Amazon SageMaker Unified Studio¶
Amazon SageMaker Unified Studio is a unified development experience that brings together AWS data, analytics, artificial intelligence (AI), and machine learning (ML) services. It provides a place to build, deploy, execute, and monitor end-to-end workflows from a single interface. This helps drive collaboration across teams and facilitate agile development.
Airflow provides operators to orchestrate Notebooks, Querybooks, and Visual ETL jobs within SageMaker Unified Studio Workflows.
Prerequisite Tasks¶
To use these operators, you must do a few things:
Create a SageMaker Unified Studio domain and project, following the instruction in AWS documentation.
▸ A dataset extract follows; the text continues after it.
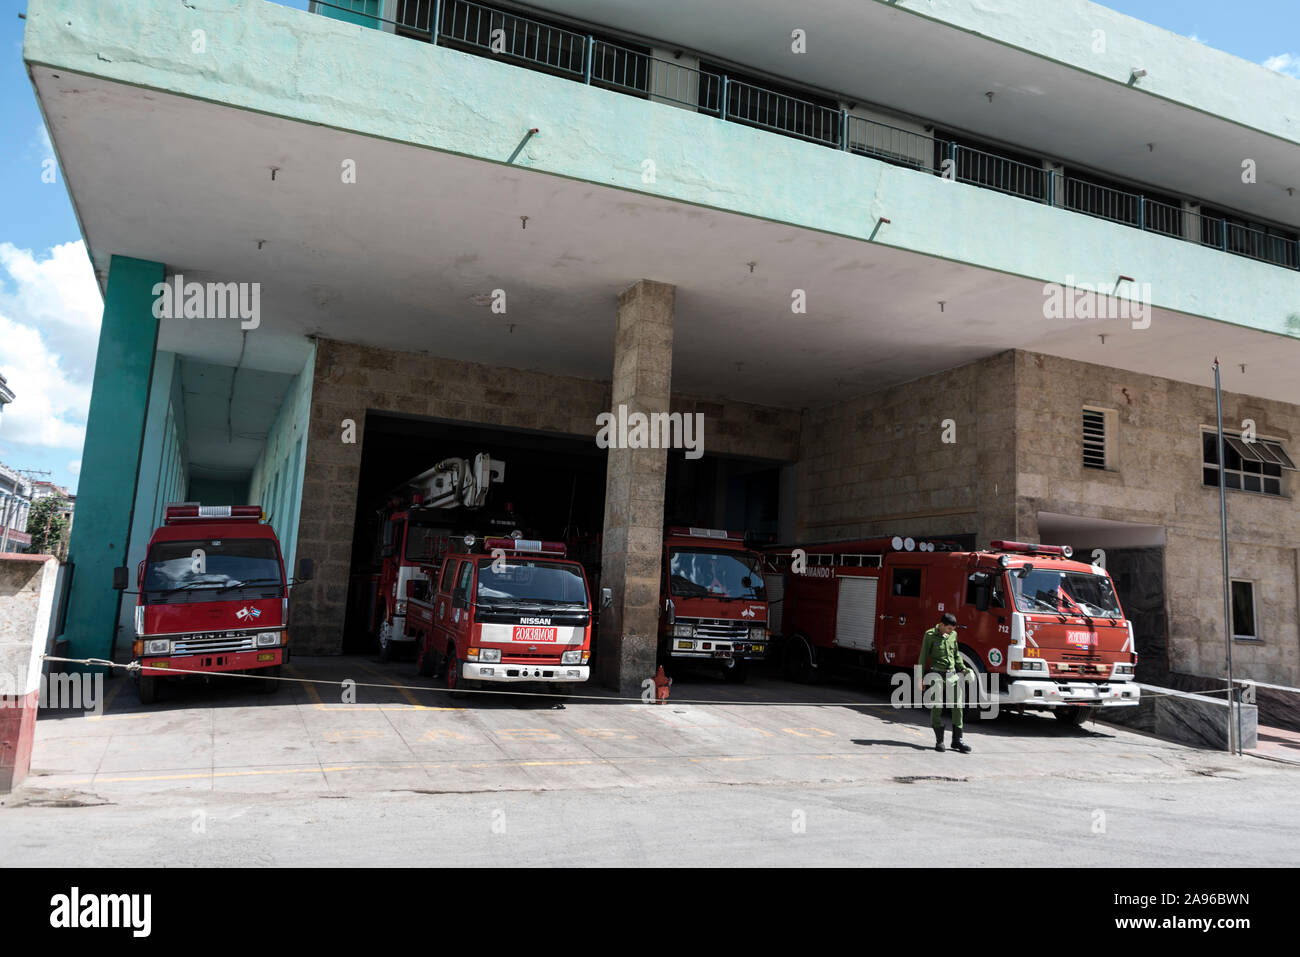 Cuerpo de Bomberos Republica de Cuba ( Vigili del Fuoco Repubblica di Cuba) è una delle principali stazioni dei vigili del fuoco a l'Avana, Cuba. La maggior parte degli incendi un apparecchio Foto Stock

Within your project: * Navigate to the “Compute > Workflow environments” tab, and click “Create” to create a new MWAA environment. * Create a Notebook, Querybook, or Visual ETL job and save it to your project.
Operators¶
Create an Amazon SageMaker Unified Studio Workflow¶
To create an Amazon SageMaker Unified Studio workflow to orchestrate your notebook, querybook, and visual ETL runs you can use
SageMakerNotebookOperator
.
amazon/tests/system/amazon/aws/example_sagemaker_unified_studio.py
notebook_path = "test_notebook.ipynb" # This should be the path to your .ipynb, .sqlnb, or .vetl file in your project.
run_notebook = SageMakerNotebookOperator(
task_id="run-notebook",
input_config={"input_path": notebook_path, "input_params": {}},
output_config={"output_formats": ["NOTEBOOK"]}, # optional
compute={
"instance_type": "ml.m5.large",
"volume_size_in_gb": 30,
}, # optional
termination_condition={"max_runtime_in_seconds": 600}, # optional
tags={}, # optional
wait_for_completion=True, # optional
waiter_delay=5, # optional
deferrable=False, # optional
executor_config={ # optional
"overrides": {"containerOverrides": {"environment": mock_mwaa_environment_params}}
},
)